The technical training takes place in Chicago and Anaheim, and requires training of at least one engineer. There are separate classes on Hub Engine and Controller Support, and on Server Solutions.
“We have also opened up our marketing programs around this to dealers,” Holl added.
For dealers, the key question is whether they can make enough margin on the Hub to make it worth their while, and Konica Minolta is emphatic that they can.
“We built it so that there is margin,” said Kevin Kern, Senior Vice President, Business Intelligence Services and Product Planning, at Konica Minolta Business Solutions U.S.A. “One issue is that it really depends what the dealer already has as a technologist, but we are hiring people to support them in that venture. Some customers have bought both the copier version and the edge version as well. It really depends what the customer is trying to accomplish. We are also selling more All Covered services around this that we had anticipated.”
“The AWS Cloud gives 30 points of margin,” Taylor said. “We give 60 points or more. And you will also track services along with that for a long time. There is a great margin on hardware and the services come with it.”
Errigo said that the multiplicity of ways to make money on the Hub is the key.
“It’s not just one thing,” he said. “It’s convert data, convert applications, add security services, provide redundancy. The margin stacking has been very strong.”
Taylor also came back to the core message of the conference that more dealers needed to become more aware of and sell Konica Minolta’s whole portfolio. He restated the company’s position that a third of the dealers already get this, a third are wavering and a third aren’t interested.

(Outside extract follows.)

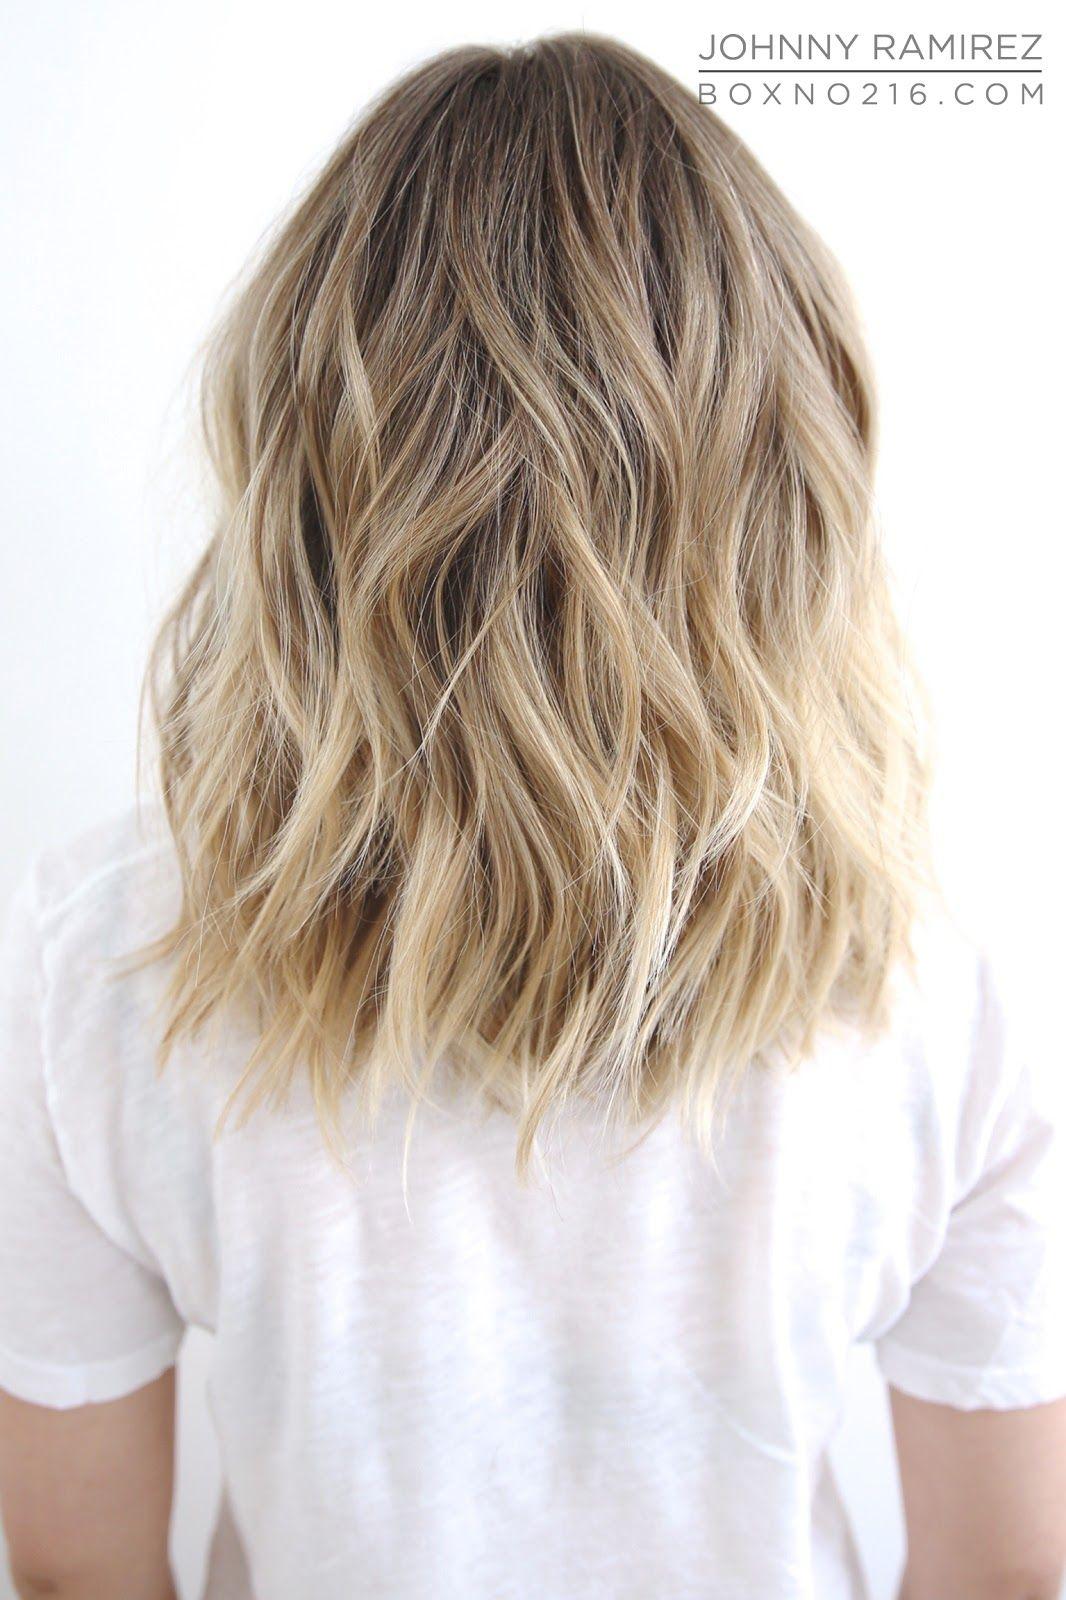 Summer color hair color by johnny ramirez u ig johnnyramirez

“Those third of the dealers that aren’t in can’t sell this,” he said. “They can’t give the customer answers because they don’t even know the questions. It’s really that third in the middle who we have to get into the 21st century here.”
Finally, Taylor noted that even for customers who aren’t ready for Workplace today, it still helps sales by providing an opportunity to talk with customers.
“We will sell a ton of stuff just by talking about Workplace Hub,” he said. “Some customers aren’t ready for that right now, but this still helps sell them MFPs.”